What I know about girls
Girls are cryptic beings, and perhaps that is even an understatement.
And all this time I thought I had an advantage over other guys in decoding girls. I mean, I spent my entire preadolescence at St. Scholastica’s College, at a time when it was still mistaken as an institution exclusive for girls (back then, grade school was already co-ed). In a class of around 40, we boys were outnumbered with a population of eight.
As a result, I grew up with girls. When we were in Grade 4, I nearly succeeded in convincing my friends that it was time we protested a female class mayor (and perhaps the boys should be given a chance to lead the class) when we reached Grade 5. Of course, it never happened. We were scared to stand up to our girl classmates. Instead, we were at the receiving end of their ire as their preadolescence prompted them to be aesthetically conscious, while we were dirty and sweaty after lunch.
My formative years at St. Scho taught me two things about girls and women: that they are beautiful, strong, and courageous in all shapes and sizes, and that they can seldom be fully understood. I would like to believe this gave me an advantage somehow. One time when I was applying for a job, my interviewer said after noting my resumé: “So you came from St. Scho! Then you must know how to deal with bitches?” She was an alumna, by the way.
My figures of authority were not men but nuns from whom I eagerly anticipated German cookies during St. Benedict’s feast day. St. Scholastica had prayed for a downpour that hindered St. Benedict from traveling, so they could talk some more in her abbey. Truly, she wasn’t someone to mess with, along with the other saints we learned about in school—St. Mechtilde, St. Hilda, and St. Agnes, among many others.

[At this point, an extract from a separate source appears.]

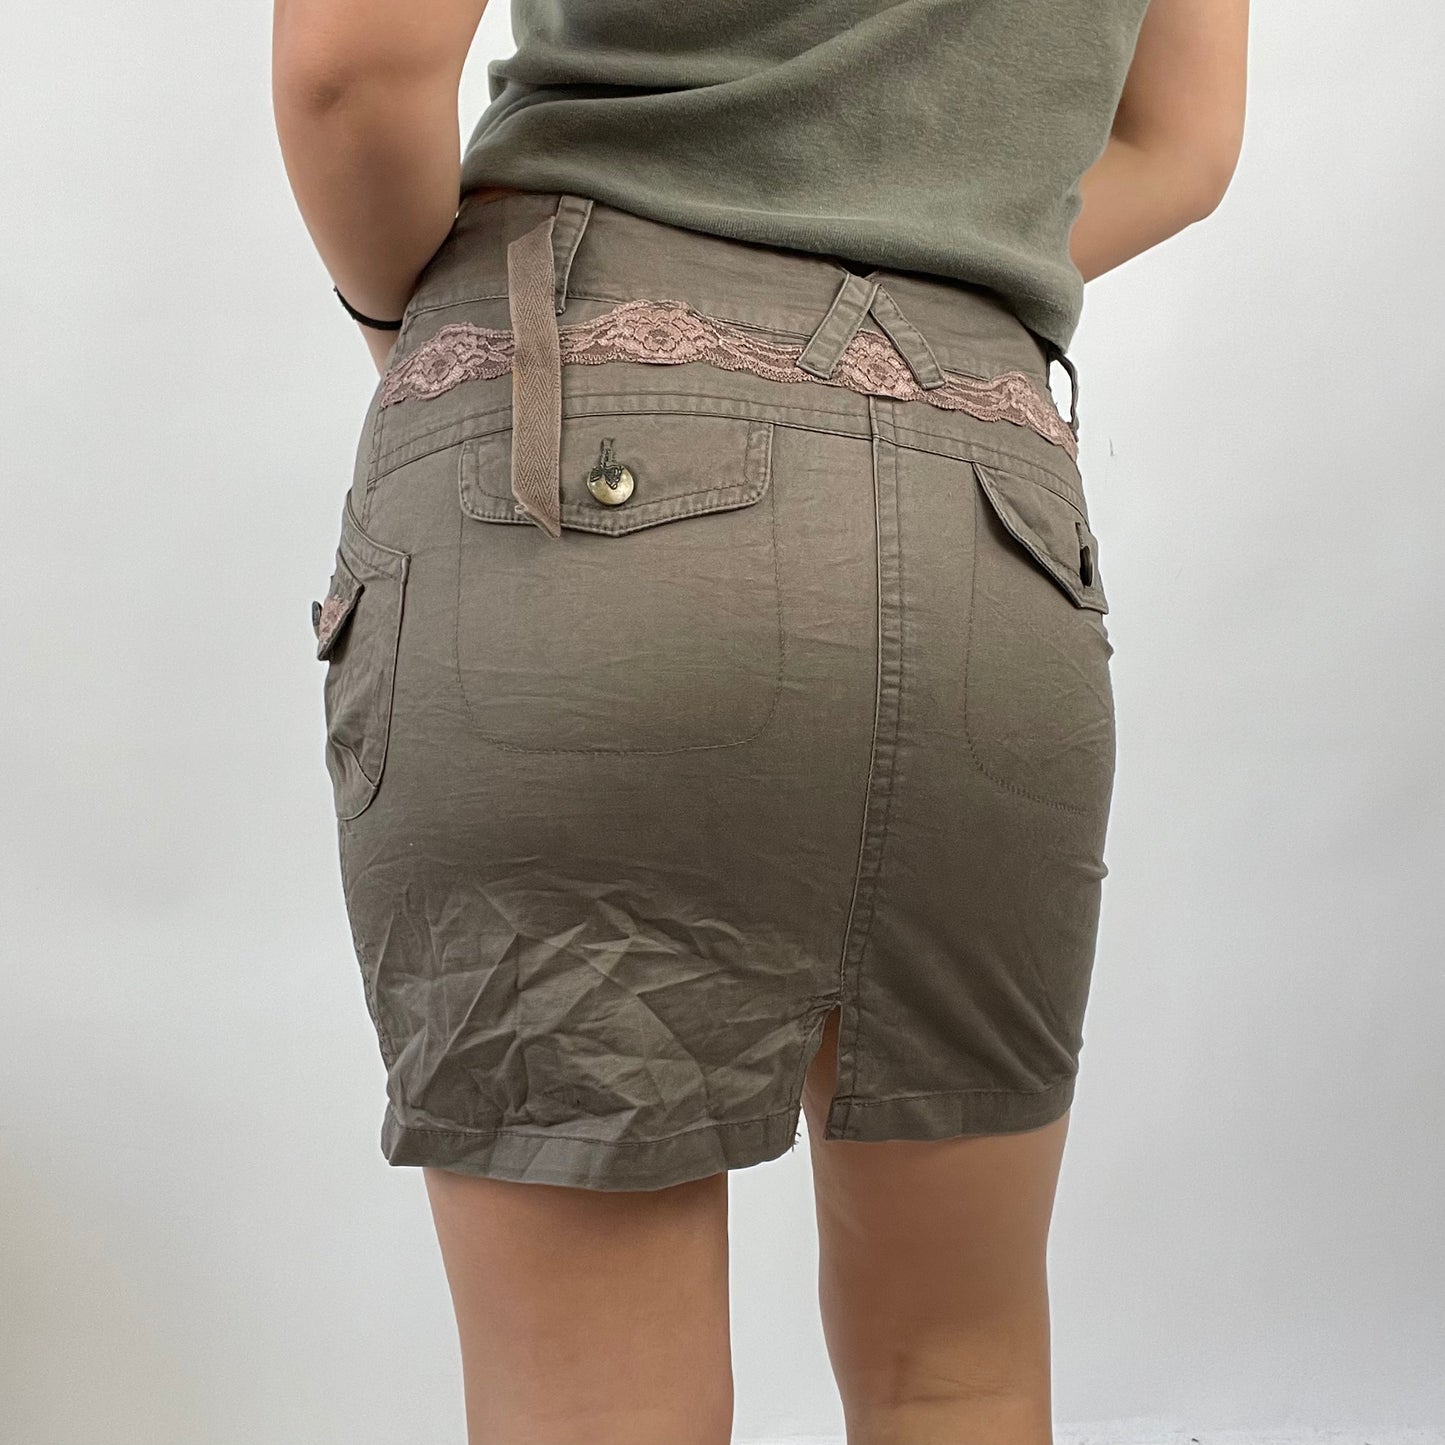 COTTAGECORE DROP | small brown cargo style mini skirt with lace pocket detail

I remember the lectures of Sr. Mary John Mananzan when the NBN-ZTE scandal was at its peak, as well as her bravery and zeal. Beautiful music back then meant the girls were practicing their John Thompson’s at St. Cecilia’s Hall. And the framed photos of German nuns that stared back at us from the archives taught me of mission and leadership.
From those school halls and culture I realized that girls, too, have their struggles in a society that expects so much of them. Of course, they can rise to the occasion.
Last month, the International Women’s Forum held in Chicago brought together 6,400 women leaders from across the globe and varying cultures and fields of expertise. This gathering of women with astounding backgrounds is an annual convention with the purpose of exchanging ideas and inspirations for a better world. These women are on a mission of opening opportunities for many other women, especially in communities where these opportunities are scarce. But it is interesting to note that strong, inspired women also make better men.
Last Oct. 11 we marked the International Day of the Girl, an initiative of the United Nations aimed at promoting the rights of girls worldwide. Truly there is much to celebrate in the achievements of women. But as some activists point out, these achievements still come at a slow pace. In certain parts of the world, there are girls who continue to be disadvantaged because of their gender. The International Day of the Girl raises awareness that girls do face challenges in their lives. This year’s theme, “Girls’ Progress = Goals’ Progress,” highlights the point that a girl’s progress advances the community as a whole.
I’ve met so many girls after St. Scho, that’s for sure. Many of them I loved deeply, sometimes all at once. That they are cryptic beings is true. They can hurt many times and still love as profoundly as the first time. Their words may sometimes be few but can mean so much. They can make homes even with bricks thrown at them.
And to make the world a better place for women will make us better men, too. Brigham Young is right: You educate a man, you educate a man. You educate a woman, you educate a generation. That’s all I know about girls.